Requirement:
Within the listing below, the lines to output run from the one containing "Учи ру ответы" through the one containing "Laural | Ring 925 zilver met zwarte onyx"; copy them exactly and nothing else.

Raw data:
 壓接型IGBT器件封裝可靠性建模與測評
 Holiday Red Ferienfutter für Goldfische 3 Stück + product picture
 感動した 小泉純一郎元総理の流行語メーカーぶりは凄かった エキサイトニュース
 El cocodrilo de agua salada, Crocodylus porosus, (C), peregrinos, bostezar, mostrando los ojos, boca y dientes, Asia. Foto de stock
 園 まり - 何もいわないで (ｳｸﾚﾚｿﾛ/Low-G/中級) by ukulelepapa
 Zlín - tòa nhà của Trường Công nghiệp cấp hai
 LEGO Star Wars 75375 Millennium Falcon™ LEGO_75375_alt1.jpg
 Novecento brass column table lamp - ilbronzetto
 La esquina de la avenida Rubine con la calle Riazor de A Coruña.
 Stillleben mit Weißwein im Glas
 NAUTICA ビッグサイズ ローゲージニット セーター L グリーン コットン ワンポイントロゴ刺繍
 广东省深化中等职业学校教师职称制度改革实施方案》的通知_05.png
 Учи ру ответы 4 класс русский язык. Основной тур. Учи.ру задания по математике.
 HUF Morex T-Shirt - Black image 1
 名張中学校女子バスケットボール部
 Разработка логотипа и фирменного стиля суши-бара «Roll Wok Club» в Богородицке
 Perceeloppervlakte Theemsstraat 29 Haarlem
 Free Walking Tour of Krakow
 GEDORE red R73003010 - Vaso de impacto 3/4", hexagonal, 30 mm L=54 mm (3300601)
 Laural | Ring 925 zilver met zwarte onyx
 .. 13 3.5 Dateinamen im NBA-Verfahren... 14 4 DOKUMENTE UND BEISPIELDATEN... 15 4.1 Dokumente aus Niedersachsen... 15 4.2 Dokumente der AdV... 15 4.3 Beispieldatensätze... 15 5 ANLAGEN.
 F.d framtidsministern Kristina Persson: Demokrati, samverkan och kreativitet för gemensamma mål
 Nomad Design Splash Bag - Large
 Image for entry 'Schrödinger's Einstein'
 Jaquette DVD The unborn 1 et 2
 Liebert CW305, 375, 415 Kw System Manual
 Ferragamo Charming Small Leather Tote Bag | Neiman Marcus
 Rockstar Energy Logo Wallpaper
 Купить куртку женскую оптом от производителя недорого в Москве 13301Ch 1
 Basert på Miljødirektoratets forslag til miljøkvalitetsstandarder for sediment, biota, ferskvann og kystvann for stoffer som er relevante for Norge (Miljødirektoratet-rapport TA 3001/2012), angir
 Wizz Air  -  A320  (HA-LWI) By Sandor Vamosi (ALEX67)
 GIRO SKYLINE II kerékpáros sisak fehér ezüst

Exercise result:
 Учи ру ответы 4 класс русский язык. Основной тур. Учи.ру задания по математике.
 HUF Morex T-Shirt - Black image 1
 名張中学校女子バスケットボール部
 Разработка логотипа и фирменного стиля суши-бара «Roll Wok Club» в Богородицке
 Perceeloppervlakte Theemsstraat 29 Haarlem
 Free Walking Tour of Krakow
 GEDORE red R73003010 - Vaso de impacto 3/4", hexagonal, 30 mm L=54 mm (3300601)
 Laural | Ring 925 zilver met zwarte onyx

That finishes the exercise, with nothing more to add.